Figure 4 shows the results of our evaluation where each data point represents an average of the MSE over the 10 models trained with the same number of randomly selected training samples, where the vertical bar represents ± 2 standard deviations. The three panels show the results as a function of the number of hidden layers in the networks, i.e., N = 1, 2, or 3. The complete datasets are given in Table S4 of the Supplementary Information. Figure 4 (top) shows that, for each network architecture, without transfer learning, model performance depended strongly on the number of compounds in the training set, with the variability decreasing with increasing training-set size, as expected. The range of minimum MSE achievable using the complete HTB132 data could not be reached with the limited-compound training set. However, using the frozen parameters transferred from the A549 model, optimization of the remaining parameters using the same HTB132 training sets resulted in a marked performance improvement, both in terms of considerably smaller average MSEs and their variability. Even with the smallest training set of 500 compounds, transfer learning resulted in considerably better models than training with all HTB132 compounds without transfer learning. For networks with two or three hidden layers, we transferred parameters for up to three hidden layers, with the results consistently indicating that transfer of the first hidden layer parameters was the most effective. Transferring parameters from additional layers resulted in slightly worse models as judged by the MSE of the test-set compounds. This is most likely due to the presence of more specialized, A549-specific parameters from the A549 growth inhibition DNN model appearing in the second and third hidden layers. Transferring these parameters would not provide any additional benefits to a non A549-specific model, and could instead degrade the prediction performance of the HTB132 model.
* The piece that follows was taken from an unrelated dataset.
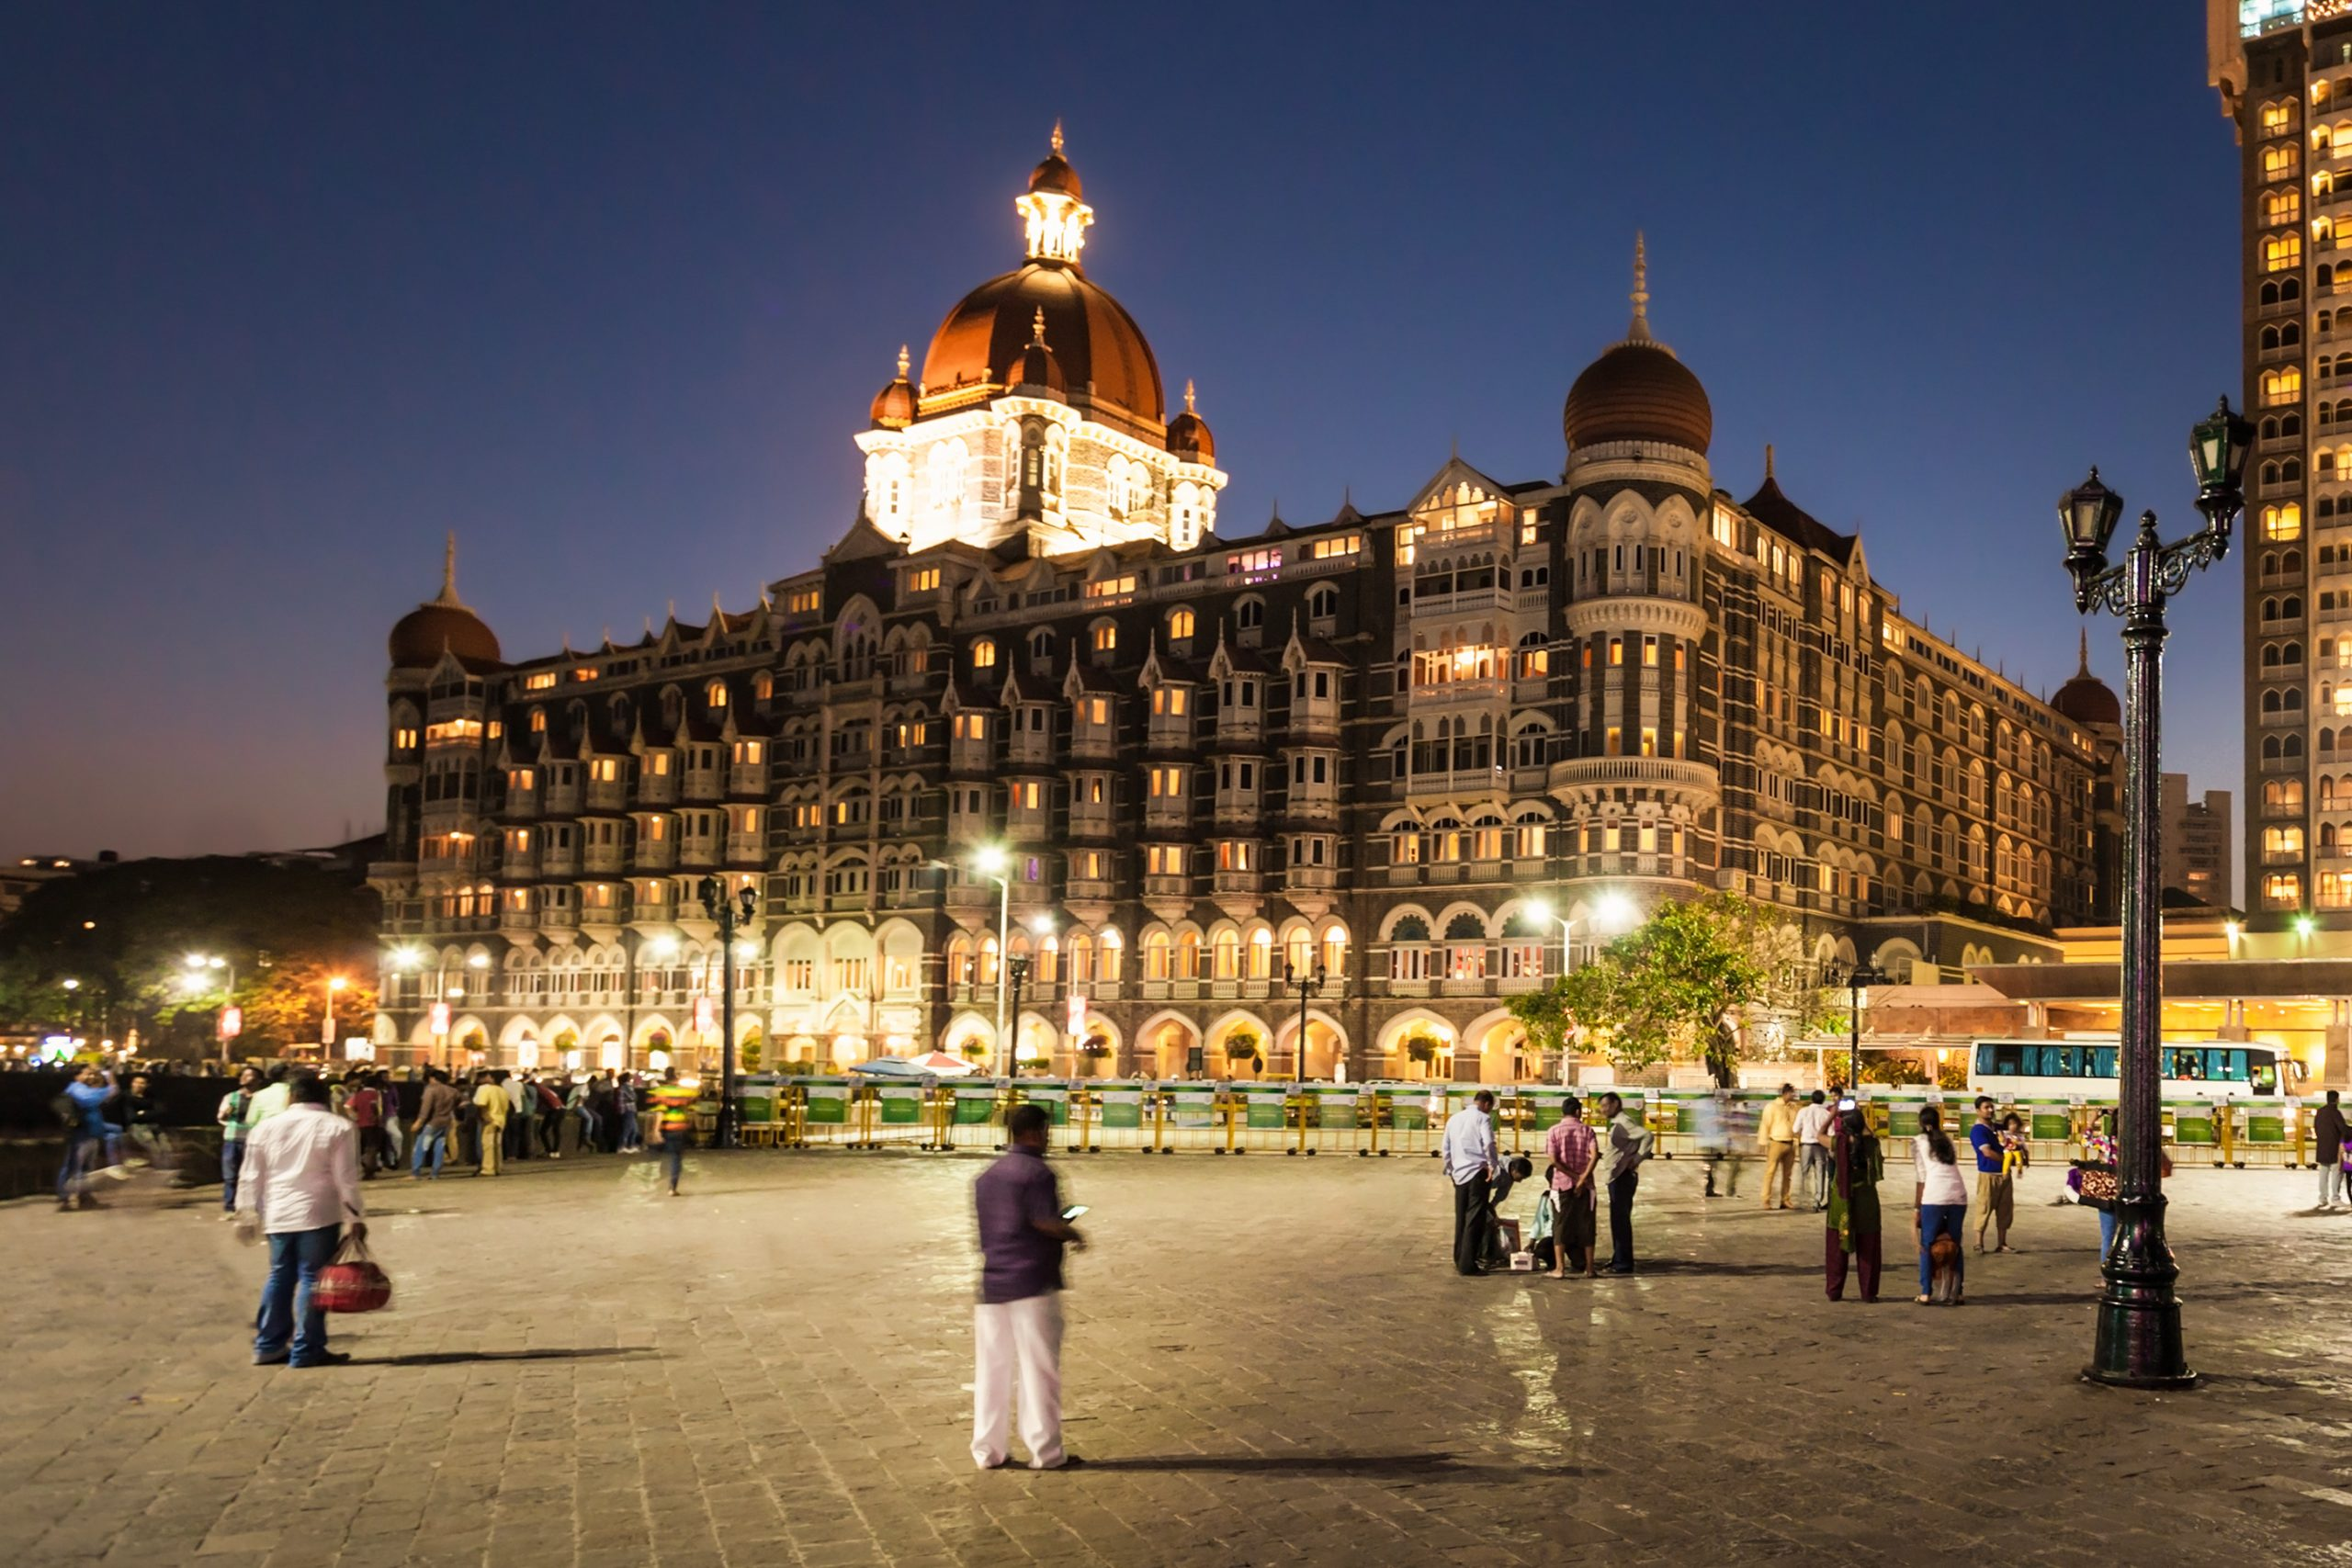 The Taj Mahal Palace Hotel at night.

Conditions for Transfer-Learning Success and Expected Benefits. The results of transferring parameters from the A549 model to develop an HTB132 model are promising, yielding results that were better than what could be achieved by using the entire HTB132 dataset itself. The benefits can be partially explained by the high correlation and similarity of the assays themselves, i.e., by measuring chemically induced growth inhibition in cell-line cultures. In fact, the pGI₅₀ values of A549 and HTB132 cells were highly correlated with a squared Pearson’s correlation coefficient (r²) of 0.60, as calculated from the 5,532 common compounds tested in both growth inhibition assays. As suggested by Xu et al. that assay correlation might be the key to success of multi-task DNN molecular activity models,⁴¹ we hypothesized that assay correlation may also be an important contributing factor to the success of transfer learning. Trivially, given an assay correlation of 1.0, transfer learning is by definition the optimal choice of weights. To non-trivially test this hypothesis, we need to assess transfer learning across many pairs of datasets with a broad range of inter-assay r² values. Consequently, we selected a number of NCI-60 growth inhibition dataset pairs that included cell lines from different tissue origins and complemented them with additional chemical activity data covering a broad range of inter-assay correlations.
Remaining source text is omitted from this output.